Außenmembranproteine wie OmpX sind entscheidend für das Überleben von Bakterien. Sie sorgen für die Adhäsion, die Nährstoffaufnahme, die Wahrnehmung der Umwelt oder die Interaktion mit Chemikalien und Toxinen. Als solche sind sie auch eines der Ziele von antibakteriellen Medikamenten. „Diese äußeren Membranproteine sind sehr klebrig. Sie neigen dazu, sich aneinanderzulagern und zu verklumpen. Sie müssen jedoch ungebunden und entfaltet bleiben, bis sie in die äußere Bakterienmembran eingebaut werden können", erklärt Prof. Michael Schlierf, Forschungsgruppenleiter am B CUBE und Leiter der Studie.
smFRET als Werkzeug für dynamische Strukturbiologie
Um die dynamische Struktur von OmpX und den Chaperonen zu charakterisieren, sezte das Team von Prof. Schlierf den Einzelmolekül-Förster-Resonanz-Energie-Transfer (smFRET) ein. Dabei werden fluoreszierende Marker verwendet, um den Abstand zwischen Teilen eines einzelnen Moleküls im Nanometerbereich mit einer Zeitauflösung von bis zu Nanosekunden zu messen. Mit smFRET konnte das Team beobachten, wie die Bindung an Chaperone die Dynamik und die Struktur von OmpX verändert. „Der Aufbau von Experimenten mit Außenmembranproteinen ist schwierig. Wir haben viele Parameter sowohl für die Chaperone als auch für OmpX sorgfältig optimiert, bis wir diese Experimente durchführen konnten“, fügt Dr. Neharika Chamachi, eine Hauptautorin der Studie, hinzu.
Verhinderung der Faltung durch Expansion
Das Team hat herausgefunden, dass die beiden Chaperone die Aggregation von OmpX verhindern, indem sie das unstrukturierte OmpX auf andersartige Weise expandieren. Weder Skp noch SurA nutzen die Energie des ATP, so dass die Bindung mit den Chaperonen unterschiedliche thermodynamische Eigenschaften ausnutzt. Skp bindet das Protein auf eine bestimmte Weise entlang der Kette. Die Interaktion mit SurA hingegen war außerordentlich dynamisch. Es band und löste das Protein ständig auf scheinbar unspezifische Weise.

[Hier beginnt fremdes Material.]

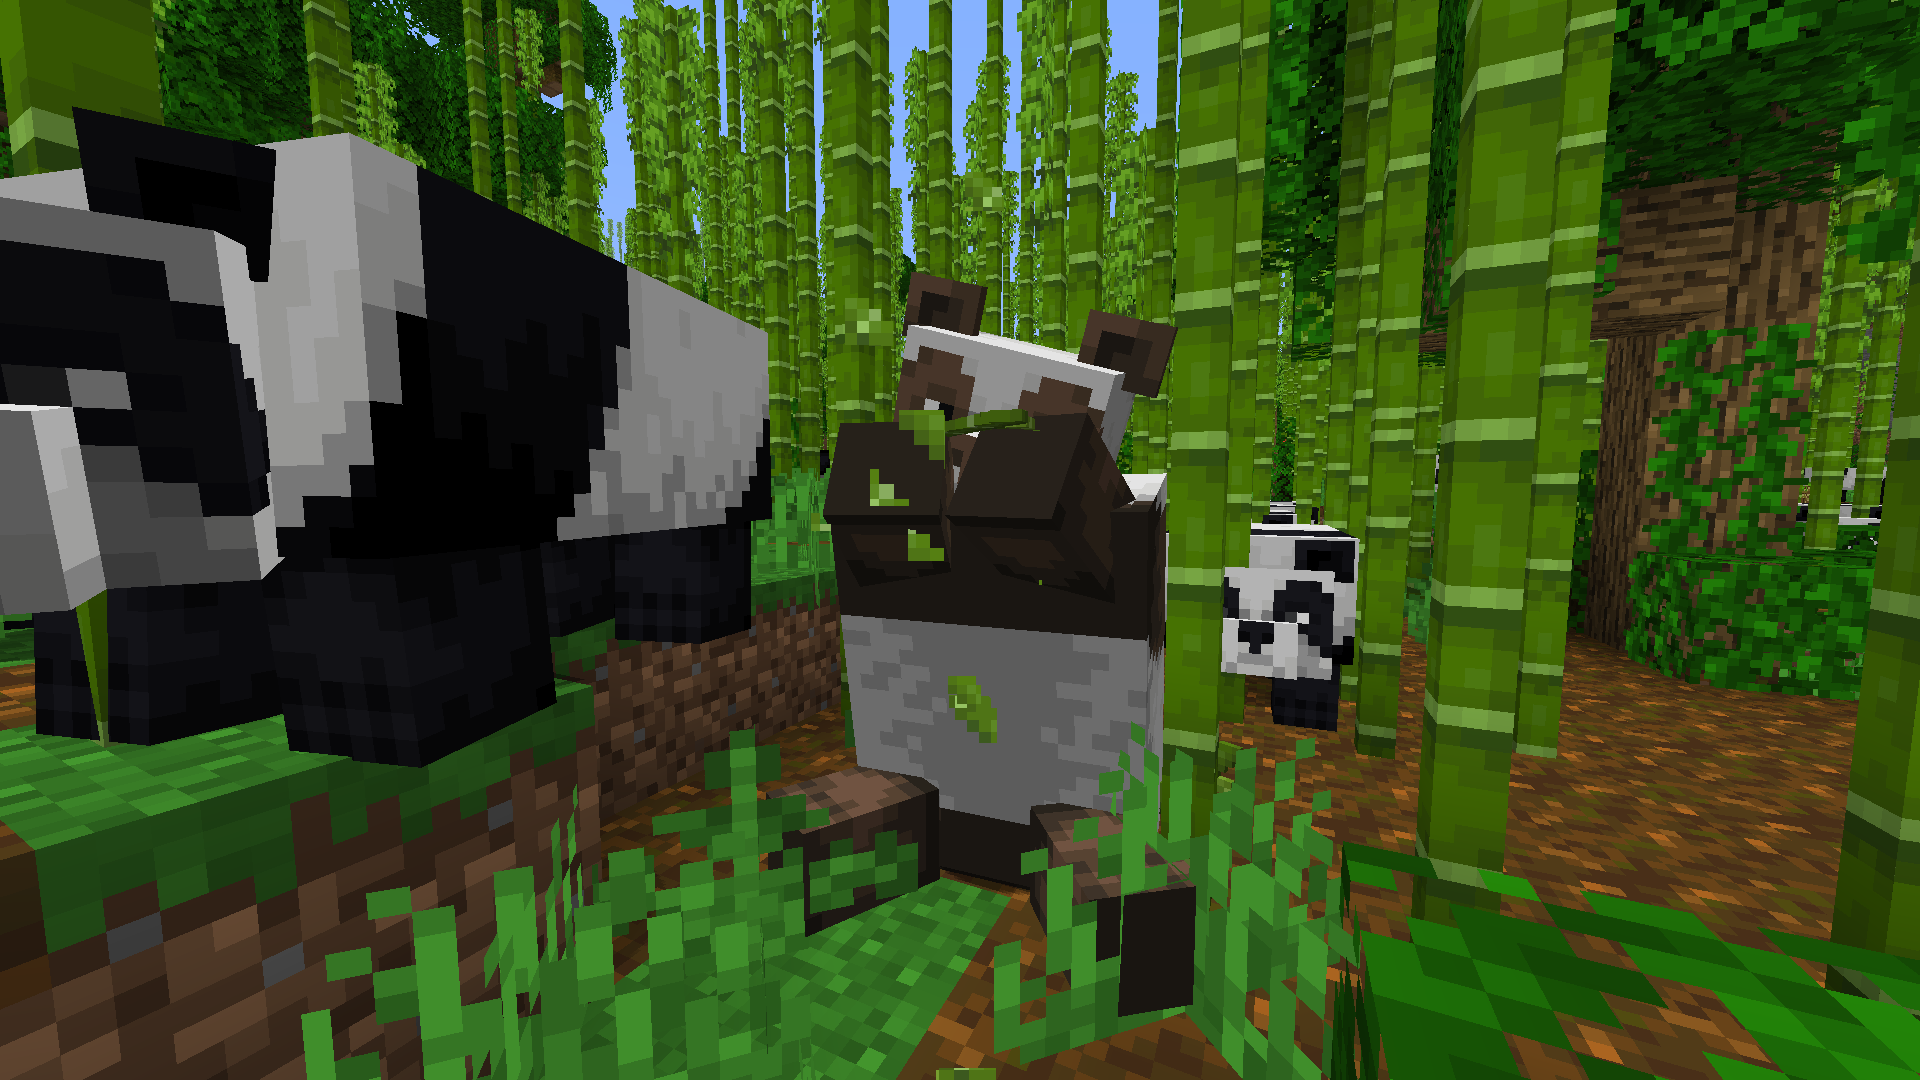 I found the Brown Panda!

„Diese unterschiedlichen Bindungsarten konnten auch durch enthalpische und entropische Beiträgen quantifiziert werden, die wir durch temperaturabhängige Messungen bestimmen konnten", erklärt Dr. Andreas Hartmann, ein weiterer Hauptautor der Studie. Durch die Feinabstimmung von Enthalpie und Entropie sind die beiden Chaperone in der Lage, OmpX expandiert zu halten und seine Aggregation in einer Umgebung zu verhindern, in der die zellulären Energiemoleküle fehlen. Gleichzeitig bleibt OmpX dynamisch und kann sich für den nächsten Faltungsschritt entbinden.
Wechsel unter Stress
Das Team untersuchte auch die Protein-Chaperon-Interaktion unter Stressbedingungen. Wenn Zellen schwierigen Bedingungen ausgesetzt sind, z. B. Temperaturschwankungen oder schädlichen Chemikalien, wird im Allgemeinen auch der Weg zur Faltung der äußeren Membranproteine beeinflusst. Unstrukturierte OmpX-Moleküle werden nicht mehr chaperoniert und neigen dazu, sich aneinander zu lagern und große Aggregate zu bilden. Die Dresdner Gruppe zeigte, dass unter solchen Bedingungen sowohl Skp als auch SurA ihre Aufmerksamkeit von den einzelnen OmpX-Molekülen auf die aggregierten OmpX-Proteine lenkten und begannen, die Aggregate zu zerlegen. Mehr noch – Skp und SurA wirkten unter diesen Bedingungen synergistisch.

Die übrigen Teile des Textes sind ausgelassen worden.